# SW Weekends



## RAXL (Jul 9, 2004)

Today, I'm off to Star Wars Weeekends at Disney:smoking:  
Because, I am a geek.


----------



## grapegrl (Jan 3, 2006)

Man!
/pouts
//another Star Wars geek


----------



## Bone Dancer (Oct 7, 2005)

RAXL said:


> Today, I'm off to Star Wars Weeekends at Disney:smoking:
> Because, I am a geek.


Admitting you have a problem is the first step to recovery. There is still hope for you. The next thing is to stop talking with your hand over your mouth so you sound like vadar.


----------



## Zombie-F (Apr 12, 2004)

Bone Dancer said:


> Admitting you have a problem is the first step to recovery. There is still hope for you. The next thing is to stop talking with your hand over your mouth so you sound like vadar.

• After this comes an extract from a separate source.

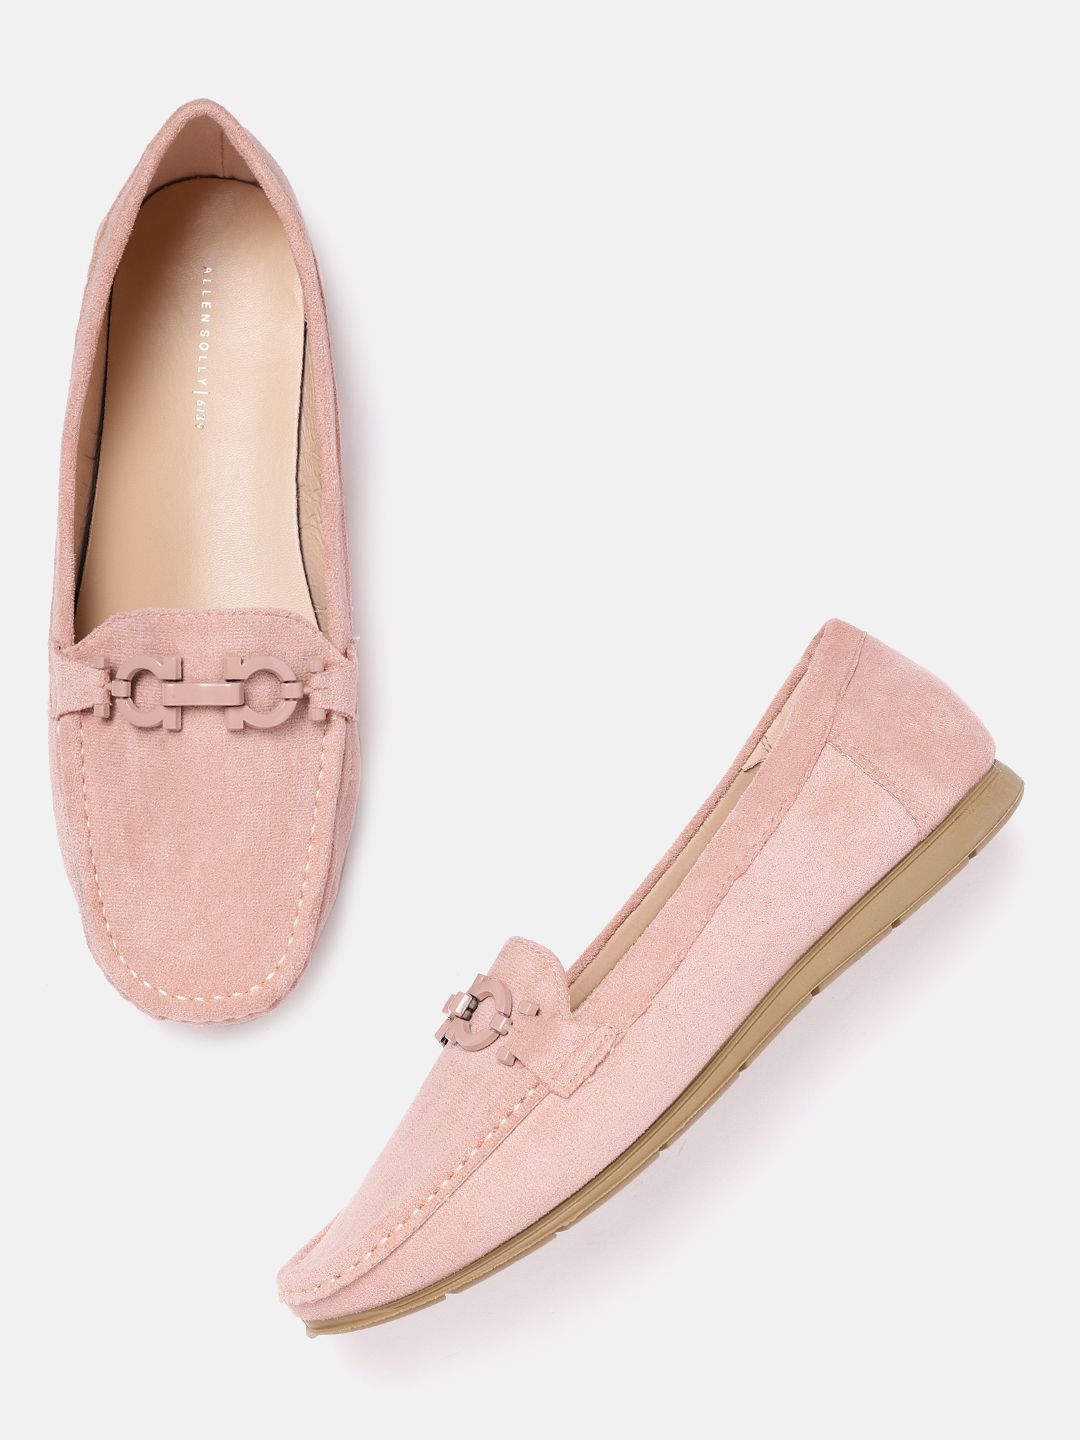 Allen Solly Women Peach-Coloured Solid Wide Horsebit Loafers Price in India

Actually, it's more pathetic than that. He uses a bucket instead of his hand. :googly:


----------



## grim reaper (Aug 18, 2005)

o god my brother loves starwars he even has a replica lightsaber (not the cheap crappy plastic one) its pretty cool tho looks real in the dark and lit up lol i dont mind the movies but a star wars sorta covention i would rather sleep in a graveyard (again) than go to one of them lol


----------



## heresjohnny (Feb 15, 2006)

Star Wars week is GREAT! Last year our kids got to battle Darth Vadar and Darth Maul in a light saber battle! Awesome!


----------



## Faustian_Pact (Apr 19, 2006)

Have fun with Yoda!


----------



## DeathTouch (Sep 6, 2005)

I like Star Trek better.


----------